▸ **Aim of the task**: Repeat the listing exactly. Pictures stay out of your copy.

================================

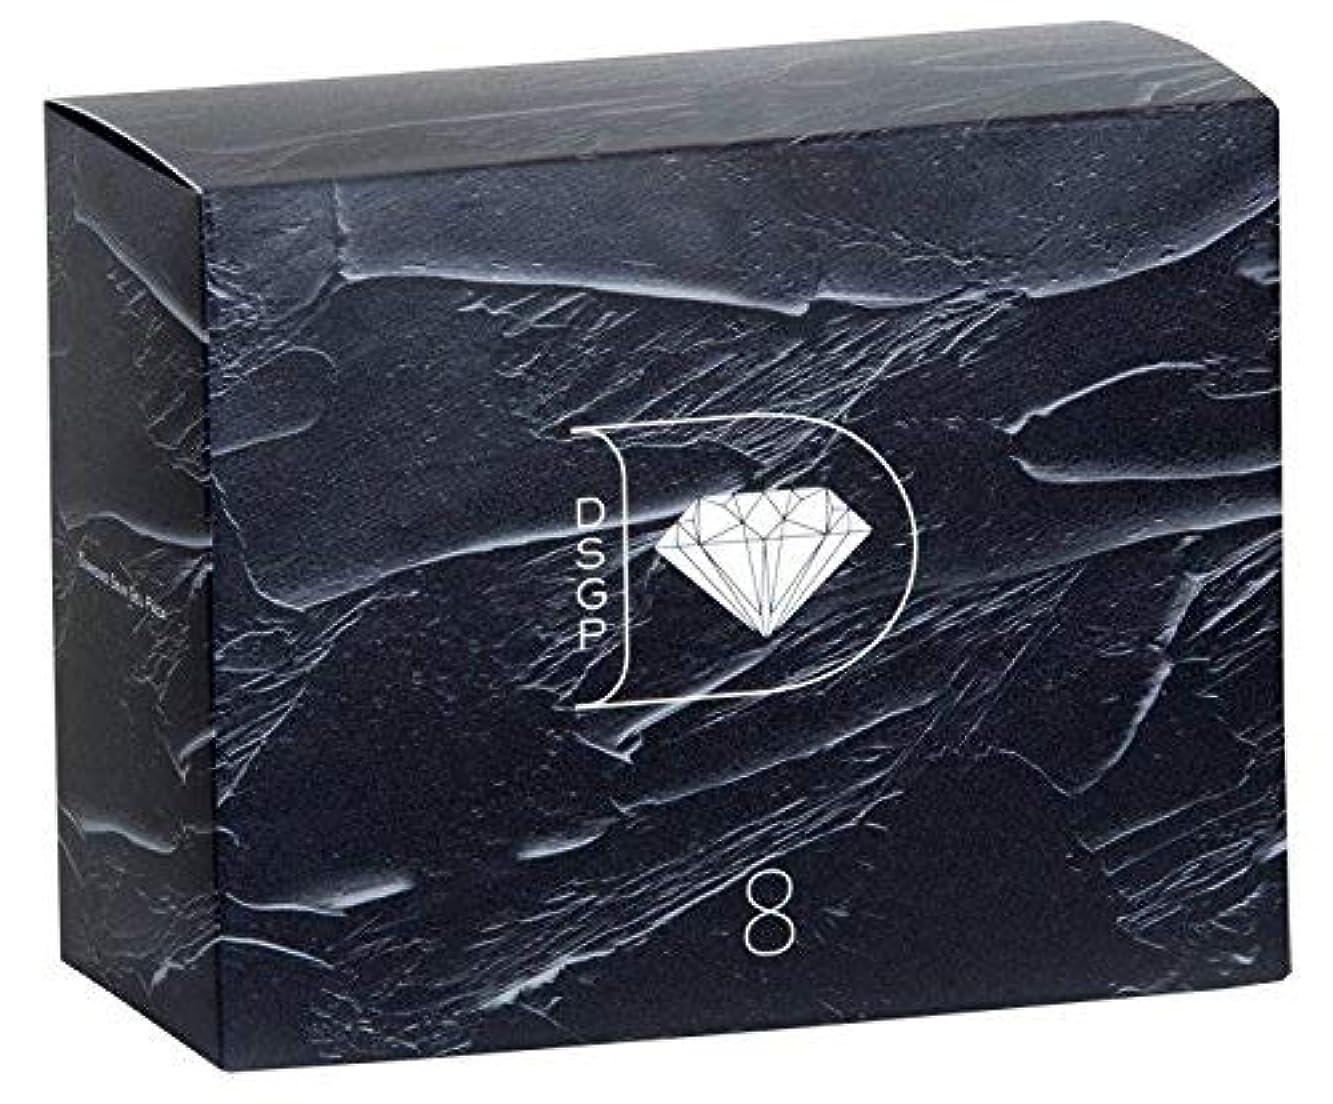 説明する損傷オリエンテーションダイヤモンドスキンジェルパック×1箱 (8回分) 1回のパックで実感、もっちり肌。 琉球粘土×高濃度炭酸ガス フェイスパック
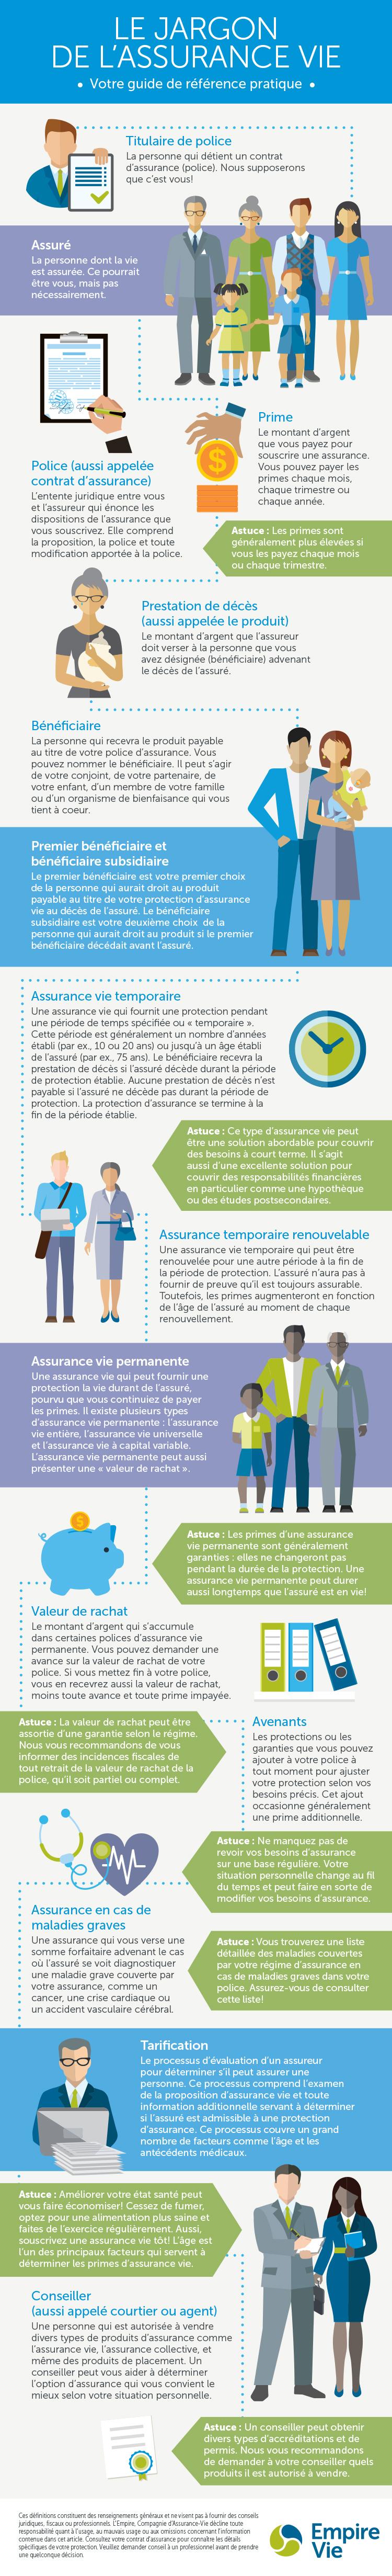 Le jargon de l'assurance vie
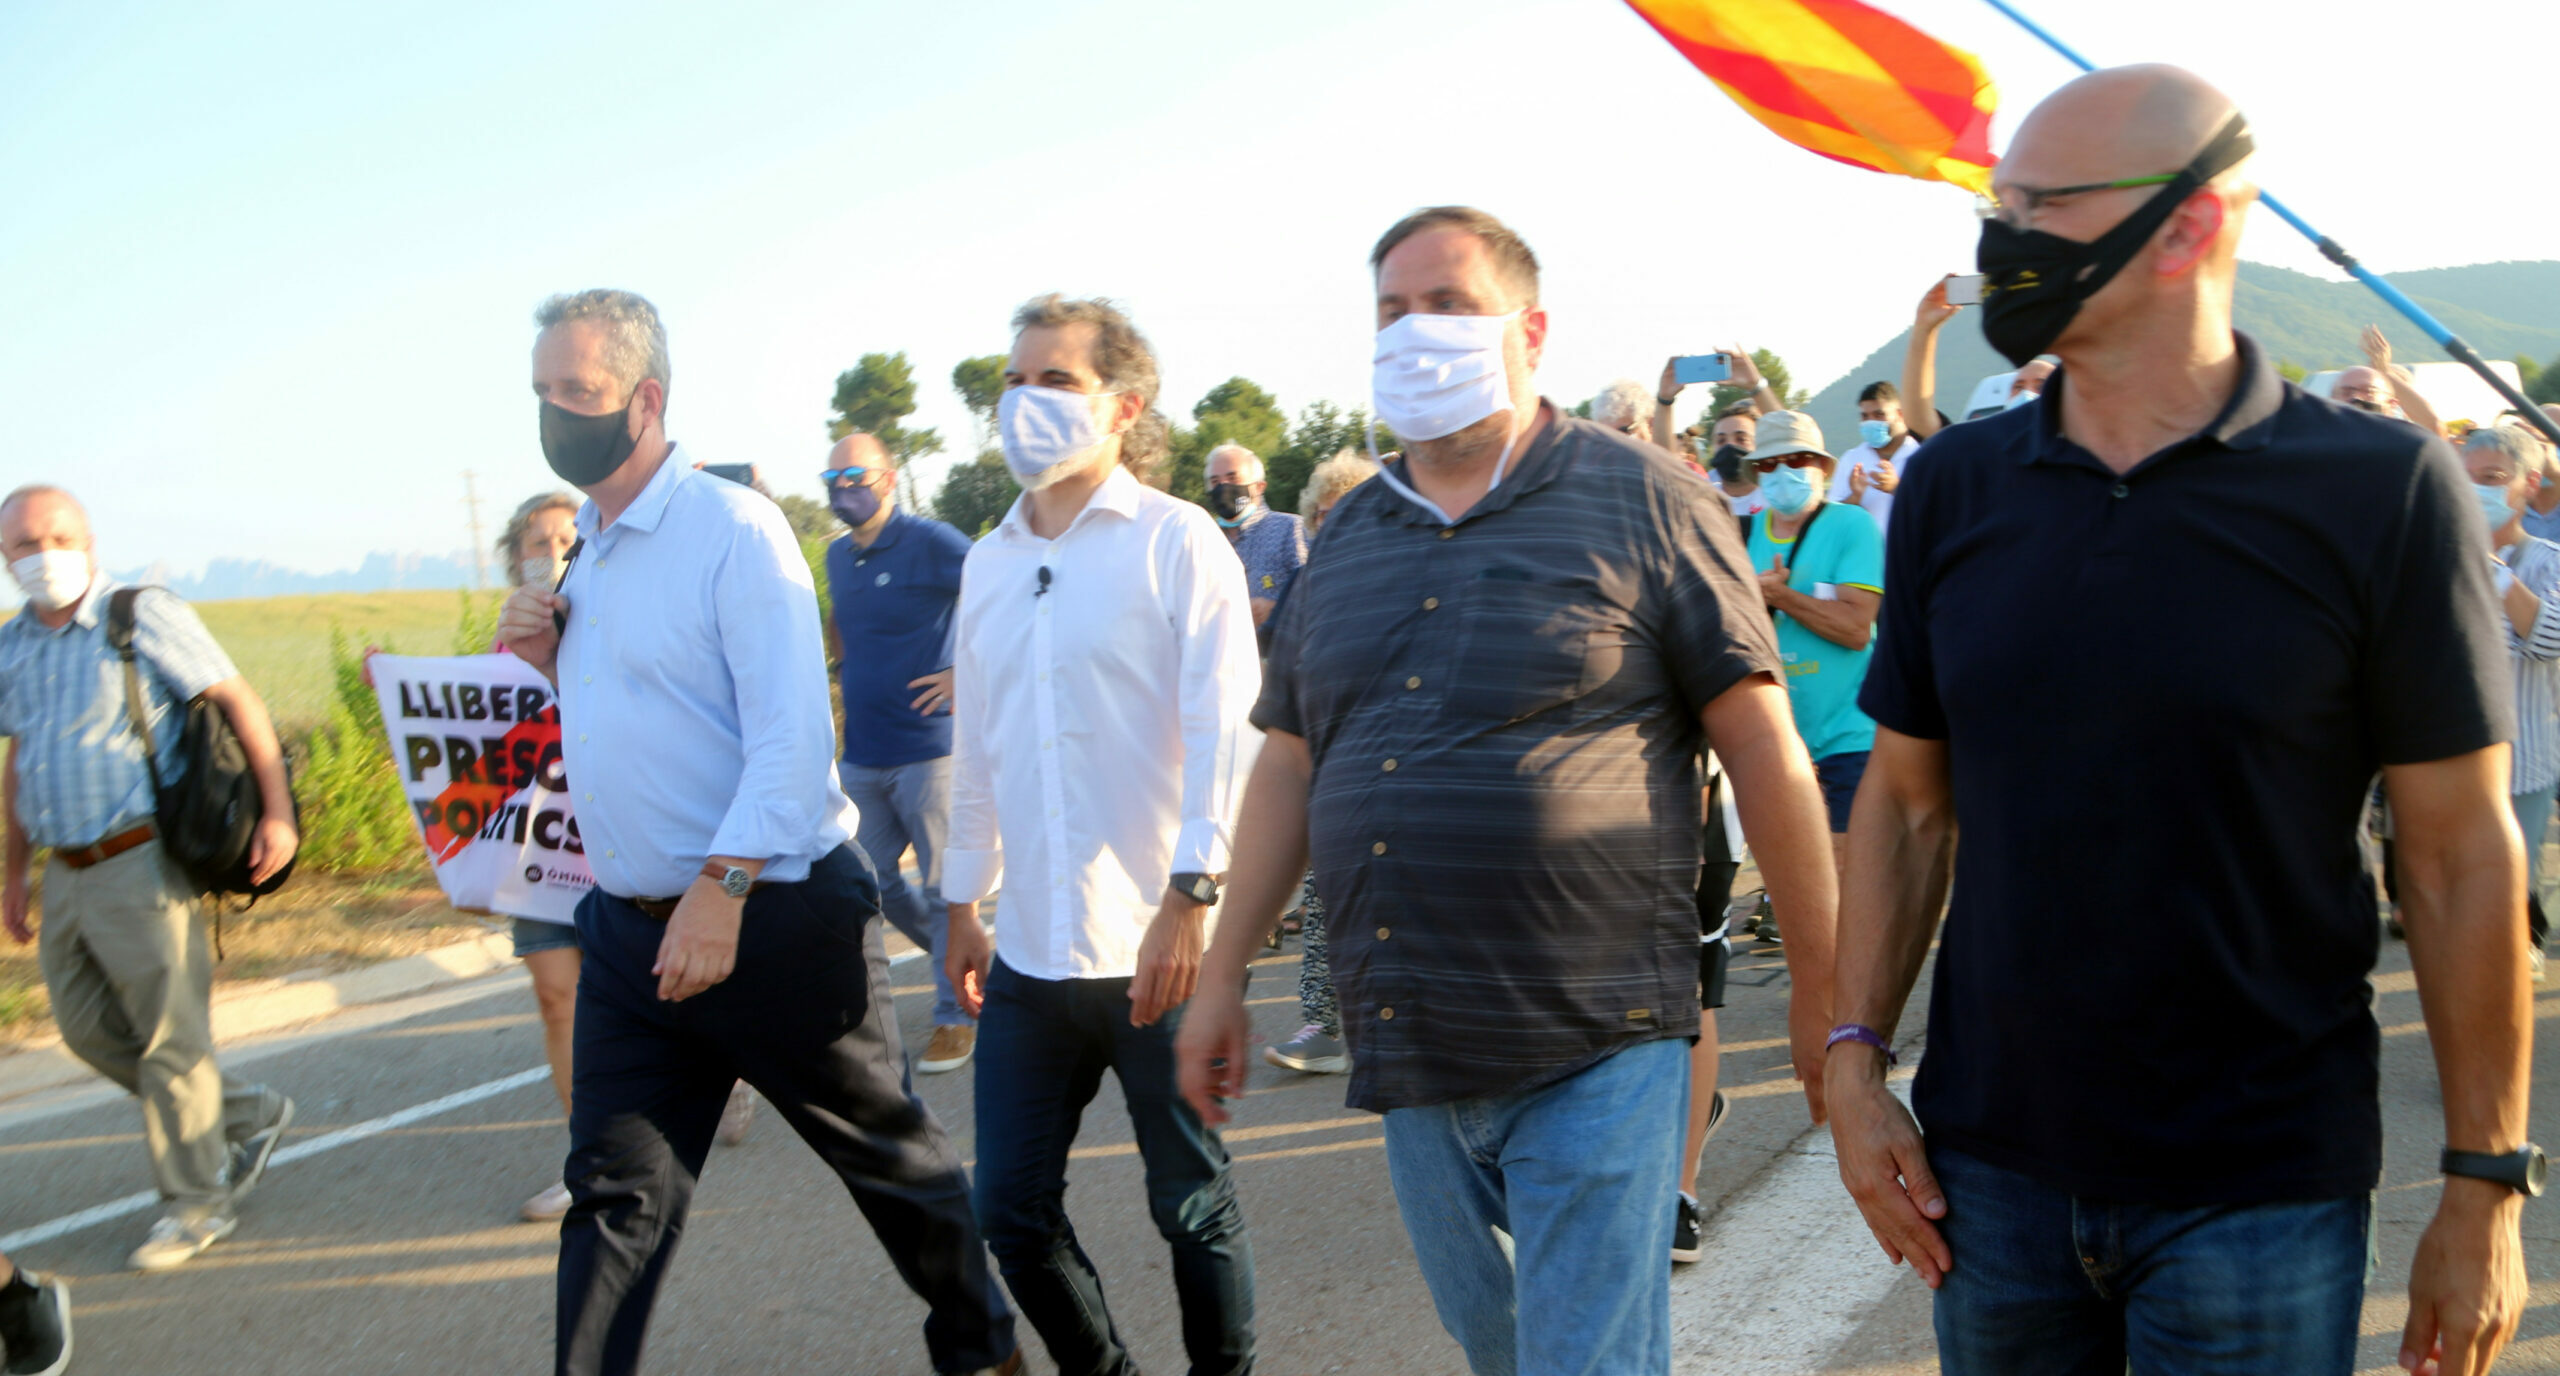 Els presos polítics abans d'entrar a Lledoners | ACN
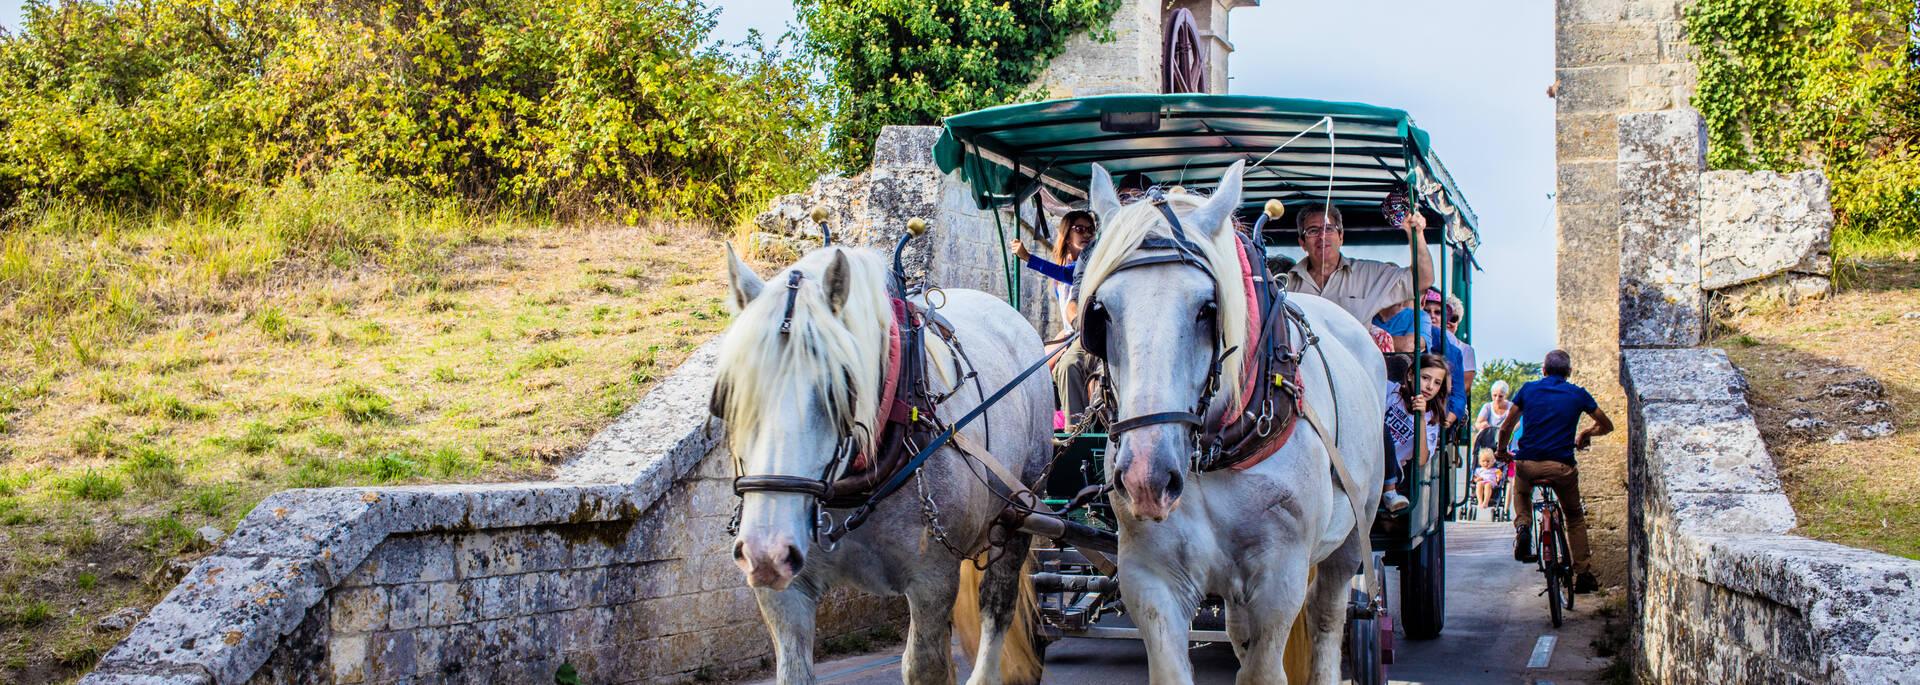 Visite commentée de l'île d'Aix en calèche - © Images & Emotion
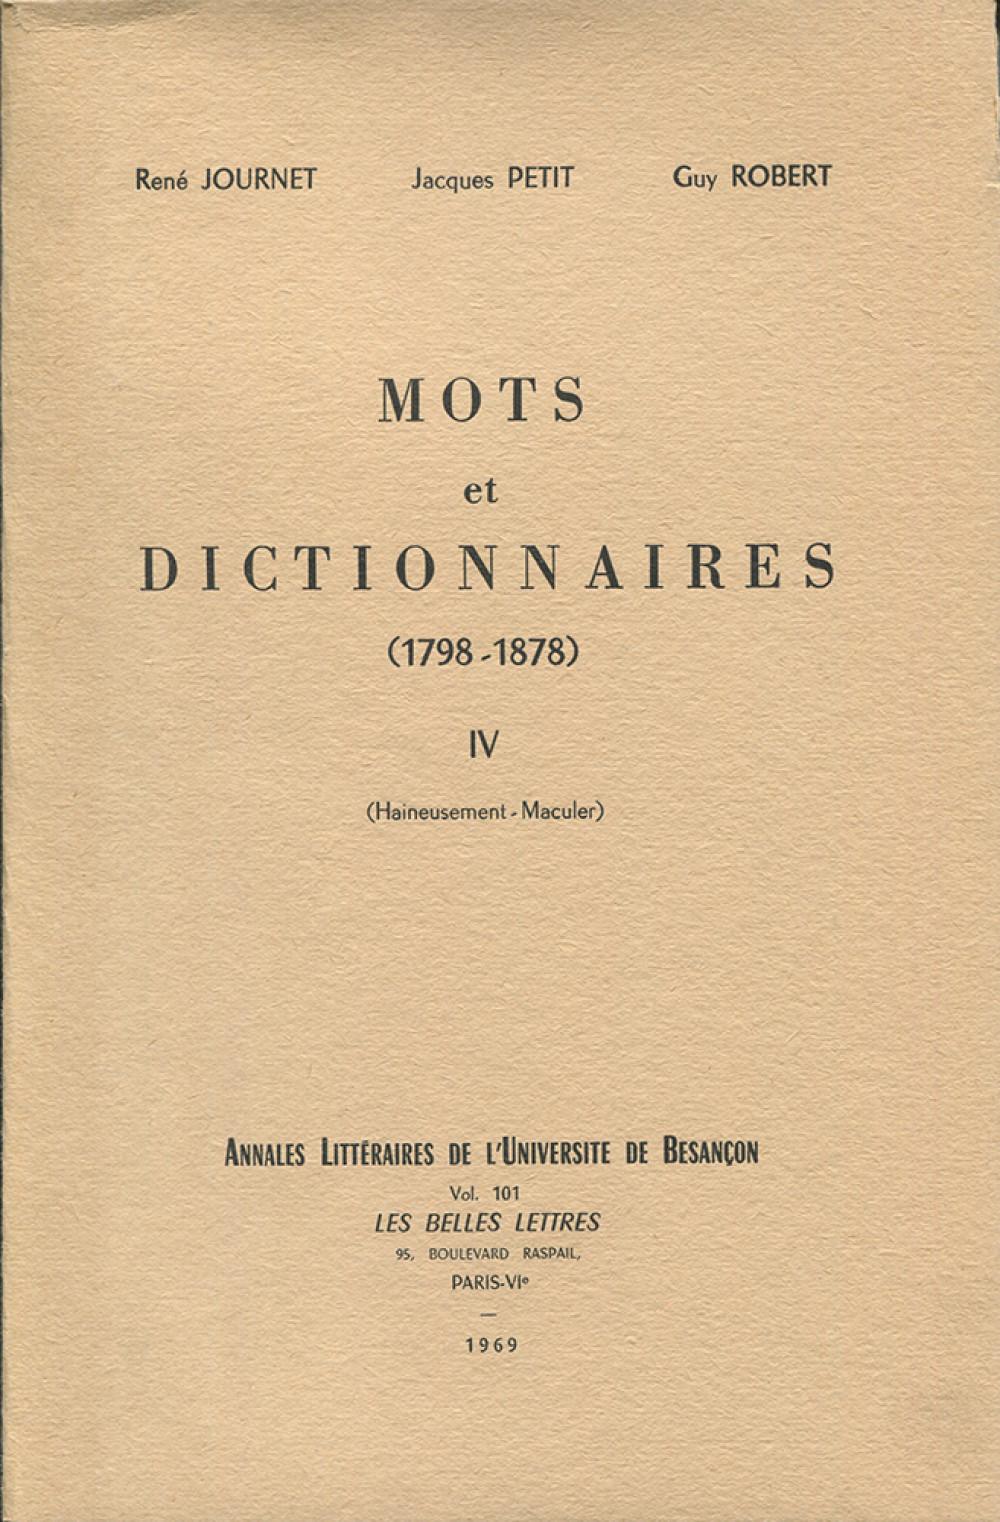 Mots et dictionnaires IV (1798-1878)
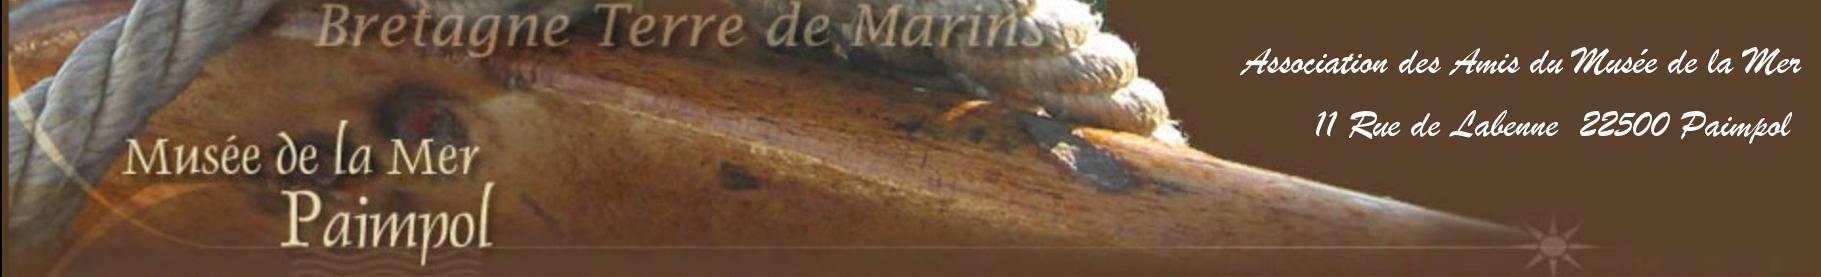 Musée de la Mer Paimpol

================================

▸ **Answer box**:
 説明する損傷オリエンテーションダイヤモンドスキンジェルパック×1箱 (8回分) 1回のパックで実感、もっちり肌。 琉球粘土×高濃度炭酸ガス フェイスパック
 Le jargon de l'assurance vie
 Els presos polítics abans d'entrar a Lledoners | ACN
 Visite commentée de l'île d'Aix en calèche - © Images & Emotion
 Mots et dictionnaires IV (1798-1878)
 Musée de la Mer Paimpol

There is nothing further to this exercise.